Viola, by contrast, can’t bear the idea of being separated: Her emotional life, as much as her physical body, is entirely dependent on her sister. While Dasy imagines romance and independence, Viola seems relatively content to exist in a world defined entirely by her family, and is certainly more realistic about the possibility of deprivation and exploitation in the outside world. Despite their lack of experience, the Fontana sisters do a lovely job of sketching an intimate yet at times claustrophobic bond. No doubt elements of their real-life existence as identical twins make a helpful starting point for thinking about how people’s response to them would inform their attitudes to the world. But that’s not to underestimate the extent to which they create plausible individual characters, completely distinct from each other.

Director Edoardo de Angelis (“Mozzarella Stories”, “Perez”, “Vieni a vivere a Napoli!”) works with d.p. Ferran Paredes Rubio to create a muted world of soft teals, lilacs and misty twilight colors, interspersed with livelier set-pieces — such as a first-act party for a rich pre-teen which suggests elements of kitschy decadence reminiscent of a less affluent “The Great Beauty”. Sound design and Enzo Avitabile’s persuasive score are particularly crucial during the girls’ live performances, which are so good as to undermine the notion that their act only draws a crowd because they are conjoined; that rather underestimates the appeal of beautiful and talented identical twin singers.

“Indivisible” is at times a strange ride, but despite its occasionally surreal imagery, it is not a difficult film.

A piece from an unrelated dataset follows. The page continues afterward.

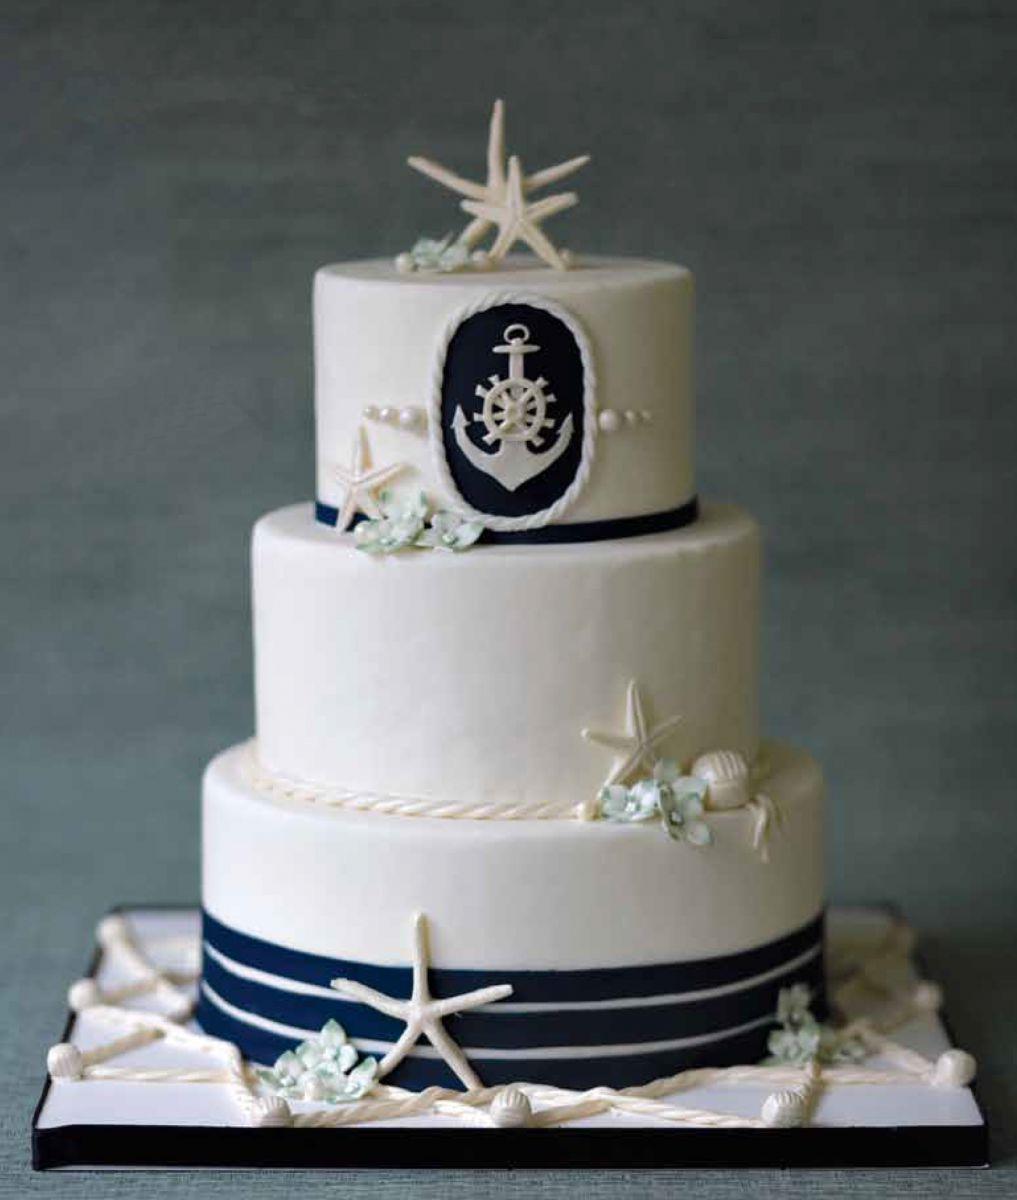 Nautical wedding cake lie the starfish on it but not the navy blue nautical wedding cake lie the starfish on it but not the navy blue probably junglespirit Gallery

Playing somewhat like an extended vignette from Pasolini’s “Decameron,” the narrative is not abstract; it simply concerns people whose lives are not often dramatized in this way. Domestic audiences who can be persuaded to look past the perceived barrier of subtitles would likely be charmed by Dasy and Viola, who raise intriguing and timely questions about female bodily autonomy and the question of what is normal.